▸ Directions for this task
What the task requires is an exact printout of the listing below, pictures excluded.

▸ Given data

========

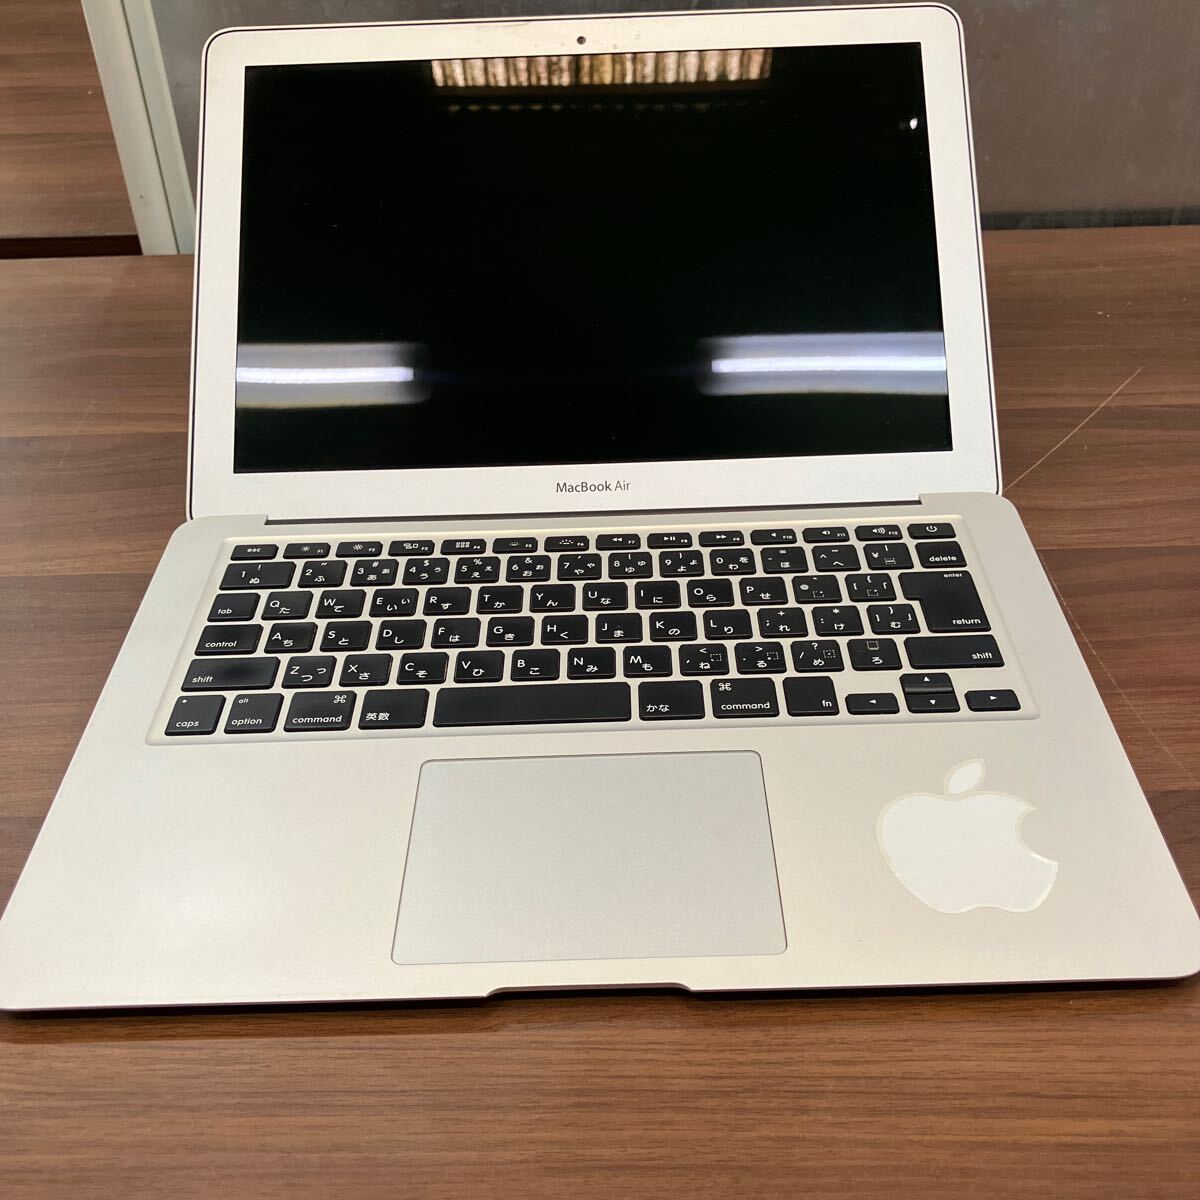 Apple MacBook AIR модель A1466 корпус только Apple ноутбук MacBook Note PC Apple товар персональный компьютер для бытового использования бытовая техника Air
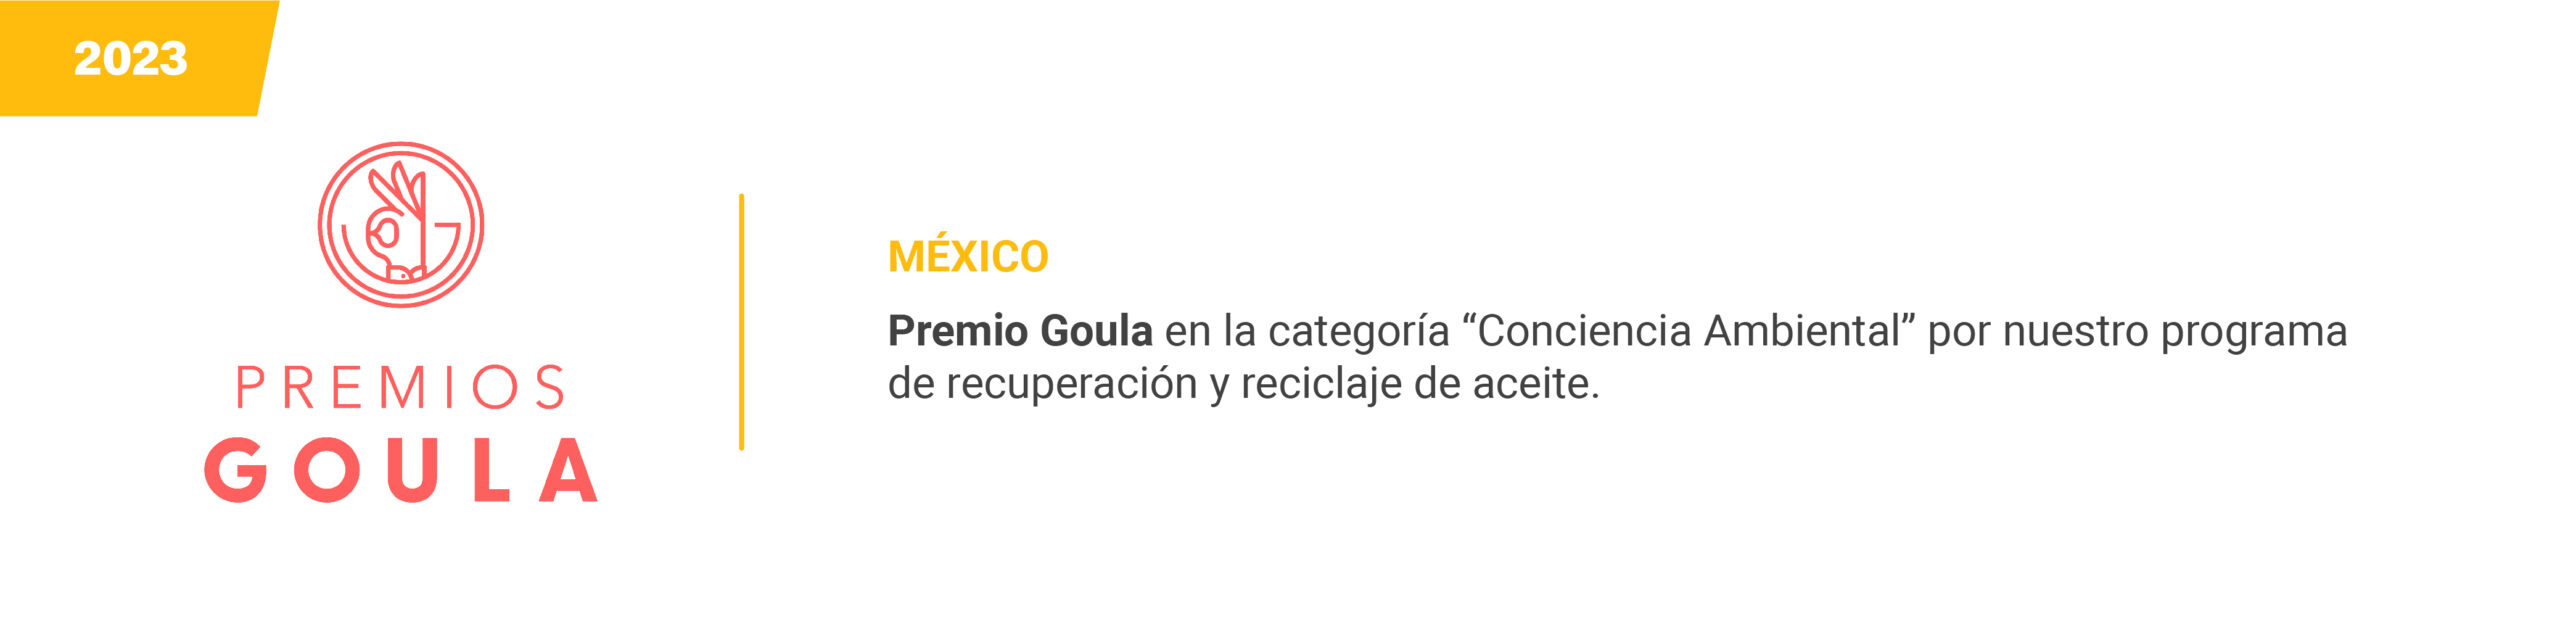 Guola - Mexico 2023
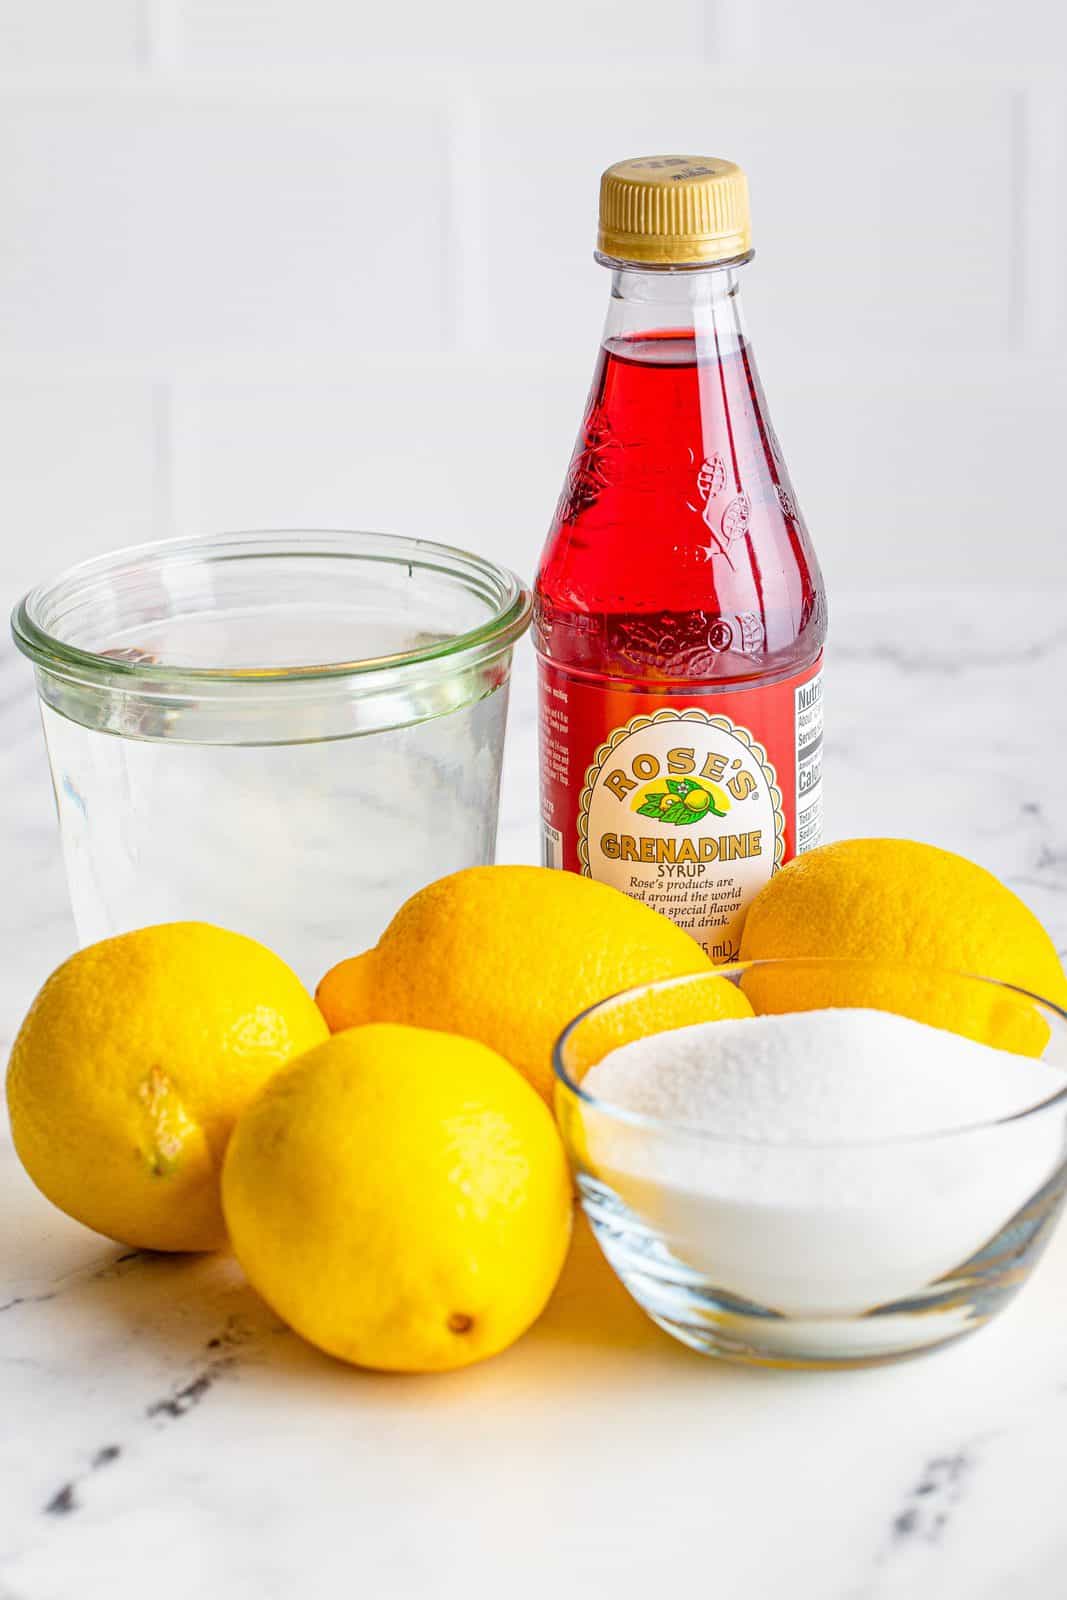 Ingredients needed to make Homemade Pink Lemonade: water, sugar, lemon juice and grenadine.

========

▸ Solution to this exercise
 Apple MacBook AIR модель A1466 корпус только Apple ноутбук MacBook Note PC Apple товар персональный компьютер для бытового использования бытовая техника Air
 Guola - Mexico 2023
 Ingredients needed to make Homemade Pink Lemonade: water, sugar, lemon juice and grenadine.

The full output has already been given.